Banks’ deposit with the Central Bank of Nigeria through the standing deposit facility dropped by 68 per cent in the first nine months of the year as a result of pressure to meet the 60 per cent Loan-to-Deposit Ratio deadline of September 2019.
Specifically, it was learnt that banks’ deposit with the apex bank dropped to N9.7tn from N30.4tn that was reported in first nine months of 2018, indicating a decline of 68 per cent.
The apex bank has just increased the LDR to 65 per cent from initial 60 per cent after deducting a total of N499.2bn from the accounts of 12 banks under its supervision due to their failure to meet the September 30, 2019 deadline stipulated for them to maintain 60 per cent LDR.
Analysts said all Tier-II and weak Tier-I banks increased deposit with the CBN following the decline in Monetary Policy Rate in a move to boost liquidity to drive daily business activities. The Monetary Policy Committee on March 26, 2019 voted to reduce the MPR to 13.5 per cent from 14 per cent.
Our correspondent gathered that the CBN’s policy of July 11 forced weak banks to reduce deposit and concentrate on growing the LDR.
According to him, banks were keen in lending to real sector so as to meet the 60 per cent LDR by September 30, 2019.
He said, “Banks were aware of the CBN plans to introduce 60 per cent LDR policy this year. As a result of that, they needed the money to lend to the real sector and meet the benchmark. Before now, banks were facing Cash Reserve Ratio of 22.5 per cent. If you combine the CRR and 60 per cent LDR, there is no way the SDL of the CBN will not reduce.”

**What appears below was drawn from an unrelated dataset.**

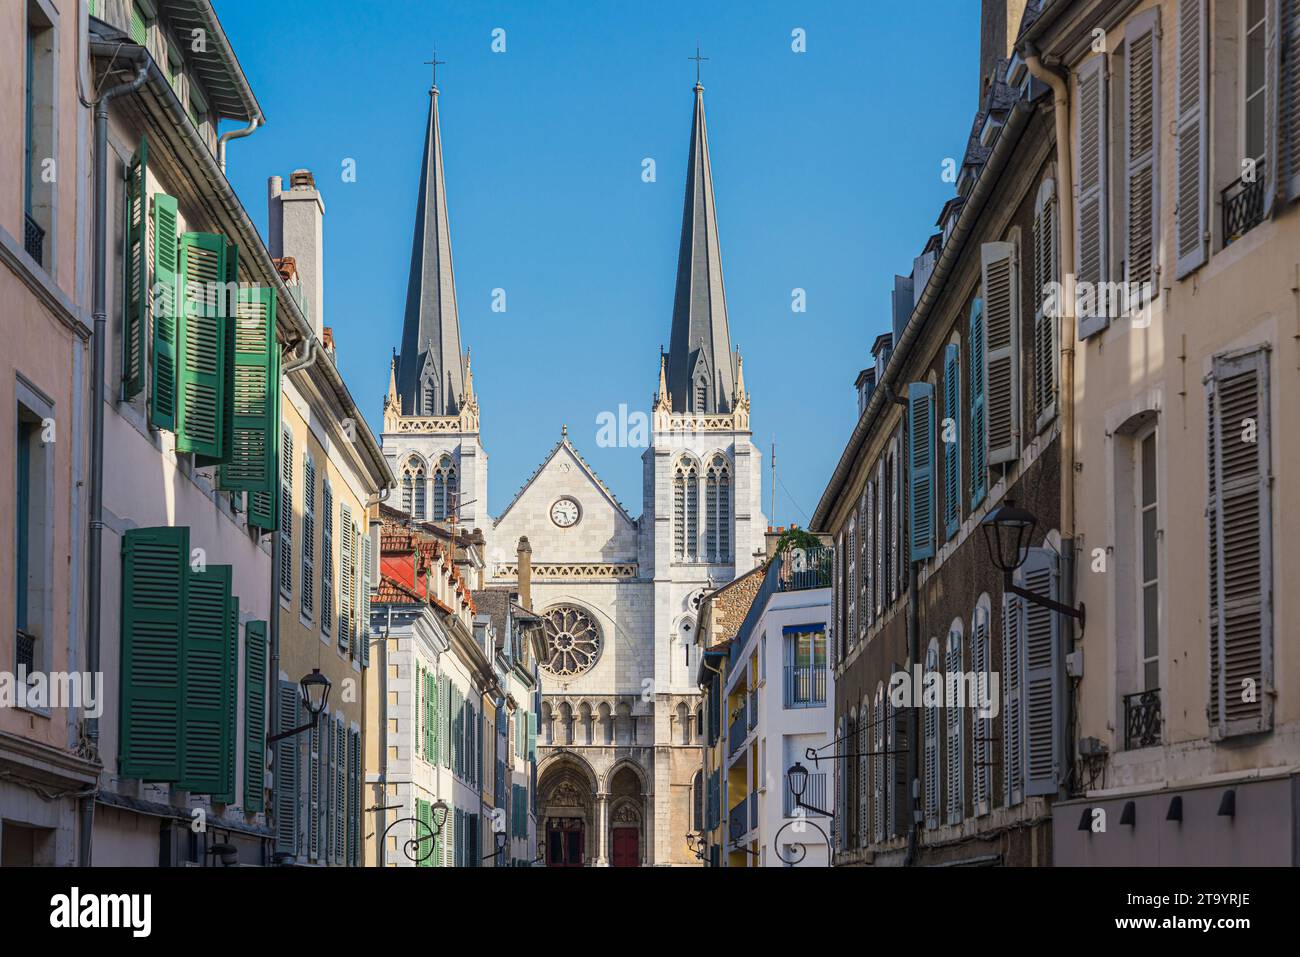 St. James Church, a catholic temple in Pau, a city in France Stock Photo

Ojo said banks not depositing with the CBN would amount to more lending to the real sector and growth in the nation’s economy.
He said, “There will be more funds going into agriculture, manufacturing, the Small and Medium Enterprises, oil and gas, among others. This is expected to drive growth in the real sector.”
He noted banks had to comply with the CBN’s directive and lend to the real sector, indicating improved lending in the banking sector.
He maintained that the day-to-day deposit on the SDF of the CBN was expected to drop as banks were lending to the real sector.
But analysts at CardinalStone Research explained that “the recent revision of the SDF guidelines is unlikely to drive material credit creation in isolation.
“We, therefore, believe that the apex bank is likely to introduce additional policies to complement the recently issued regulatory measures.”
They said the new measure was also not likely to drive real sector lending, given that banks were still able to redirect excess cash to money market instruments at the secondary market.